Los resultados de las elecciones europeas tienen una lectura
posible en positivo: ya que no un cambio de rumbo, suponen por lo menos un
frenazo brusco a la política tecnocrática de hechos consumados que en los
últimos tiempos estaba dejando escurrir la sustancia de Europa por el desagüe,
hasta dejarla vacía de sí misma. Cierto que entre las caras nuevas presentes en
el hemiciclo hay algunas jetas bien feas que pensábamos haber dejado atrás para
siempre. Pero también ese contratiempo contiene un trasfondo susceptible de una
lectura positiva: no estamos en el fin de la historia, como se nos había
anunciado; no hay una única alternativa en el horizonte. Y si todo es posible
aún, incluso lo peor, ergo, también hay una posibilidad cierta
de ir a mejor a partir de ahora.
Hay pocas esperanzas de que el presidente de la nueva comisión
sea alguien distinto de Jean-Claude Juncker (prácticamente ninguna de que lo
sea Alexis Tsipras, la mejor opción con diferencia); pero al borroso Juncker no
le va a ser posible fungir de diligente chico de los recados de la cancillera,
como hizo su antecesor con la sonrisa bobalicona que ha paseado por todos los
papeles cuchés y las pantallas de plasma de los medios del mundo mundial.
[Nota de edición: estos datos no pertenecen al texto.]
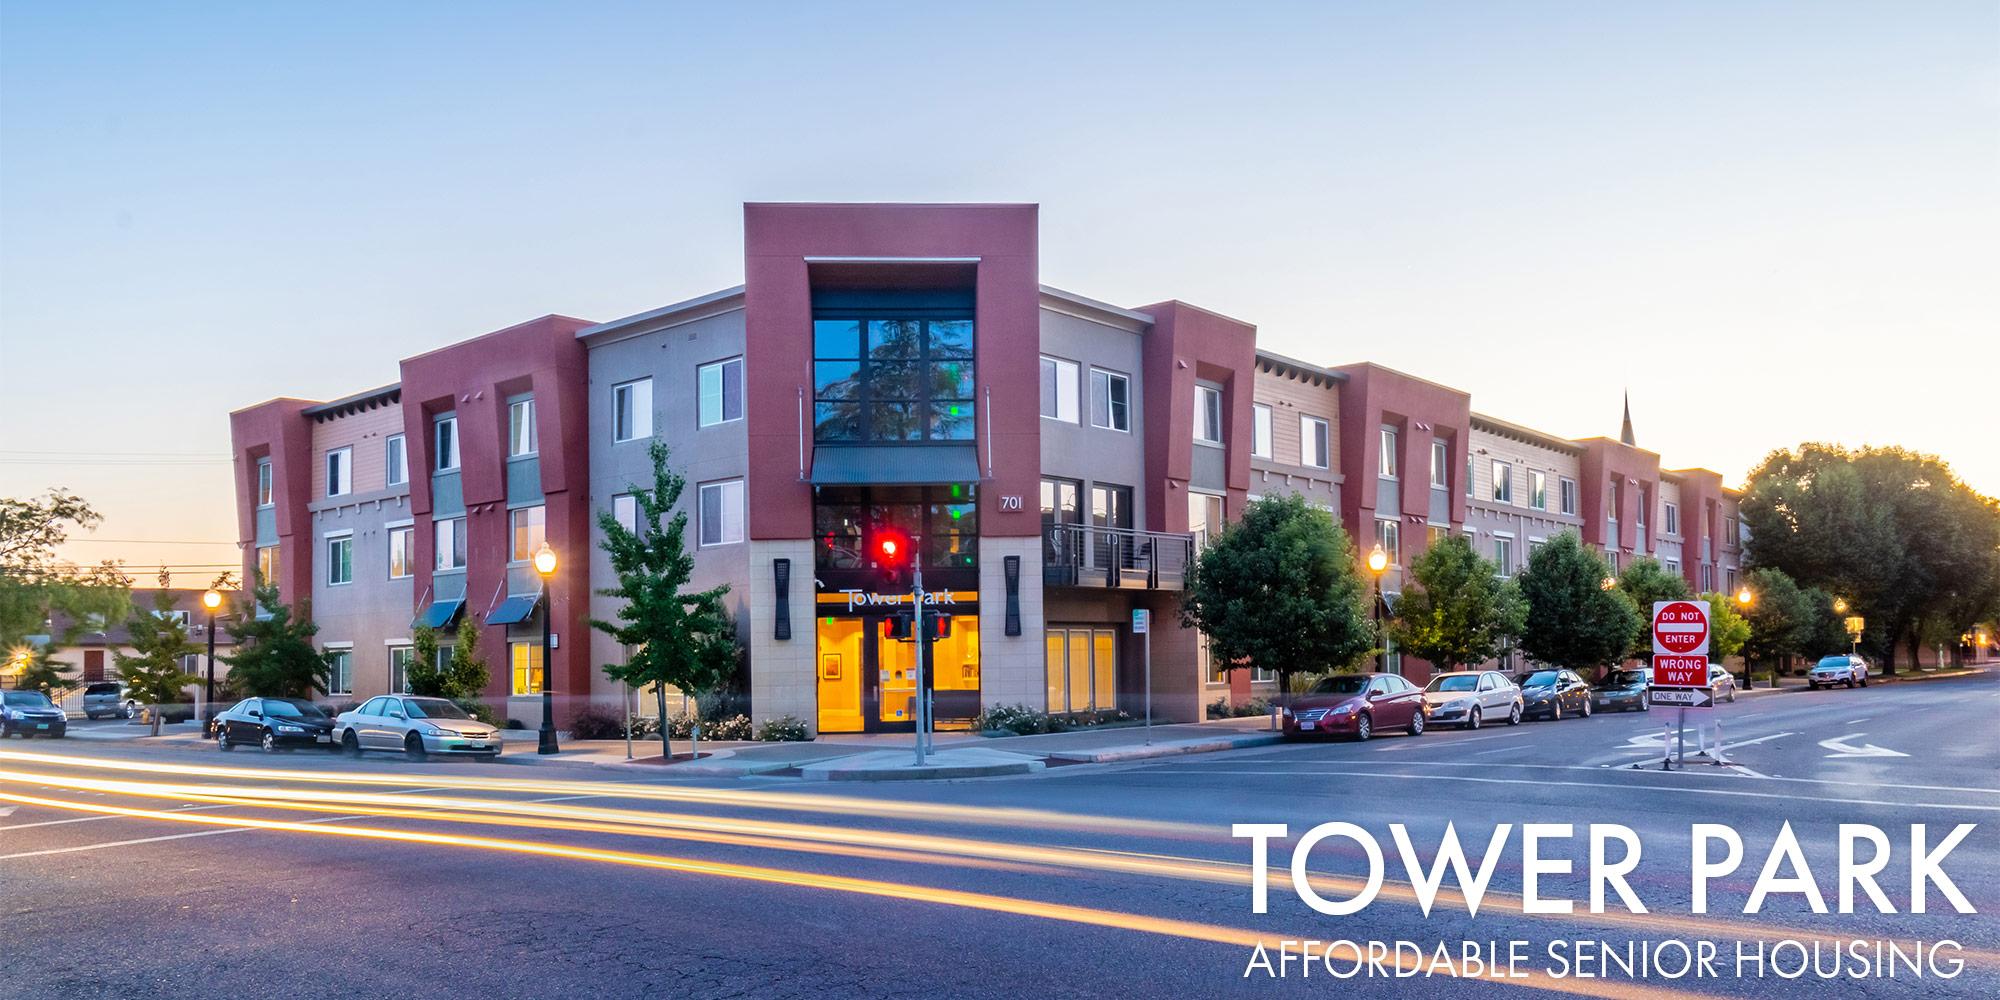 Tower-Park-Affordable-Senior-Housing-Final

Siempre será preferible el Borroso que el Barroso. Paradójicamente quien pierde
en la nueva situación es Merkel, ganadora en su país. A menos que restablezca
el eje francoalemán por medio de una alianza estratégica con Marine Le Pen;
pero eso es más de lo que un parlamento mucho más variopinto que el anterior
podría soportar.
El panorama que se adivina no es idílico. Es de temer en el
corto plazo un encastillamiento de los Estados en sus prerrogativas
identitarias, con más dosis de ley y orden en las calles y nuevas restricciones
a la movilidad, a la inmigración y a las oportunidades de empleo en el espacio
europeo, amén de una vigilancia más rígida de las fronteras. Es lo que ha
demandado una porción significativa del electorado: más Estado y menos Europa.
Cierto que también ha crecido la opción simétricamente contraria, la que apunta
a una Europa más solidaria; pero no lo suficiente para determinar un rumbo
diferente. Es lo que hay, y los esforzados paladines de Izquierda Plural,
Podemos, Primavera Europea y otros, han de tener una conciencia aguda y
vigilante de que su trabajo no ha concluido con la difusión de los resultados
de la noche electoral, sino que empieza el día siguiente. La construcción de
Europa, ya lo dijo Jacques Delors hace muchos años, no va a ser un largo río
tranquilo.
Esto es lo que se me ocurre decir en relación a la Unión. En España la
jornada ha tenido ya algunas consecuencias. Mientras los pasajeros de la
cubierta superior del paquebote “Bipartidismo” comentan que todo se ha reducido
a un percance anecdótico y los resultados no son extrapolables a otras
realidades, los de la cubierta inferior, al verse con el agua al cuello, se han
tirado al mar sin botes salvavidas. Puede que estemos asistiendo al final de un
modo de gobernar, pero sin duda es demasiado pronto para afirmarlo de un modo
rotundo. Como ha dejado escrito José Luis López Bulla a la intención de amigos,
conocidos y saludados, lo que se ve alborear tras los montes podría ser en
efecto el ave fénix, pero no puede descartarse que se trate de un galápago (1).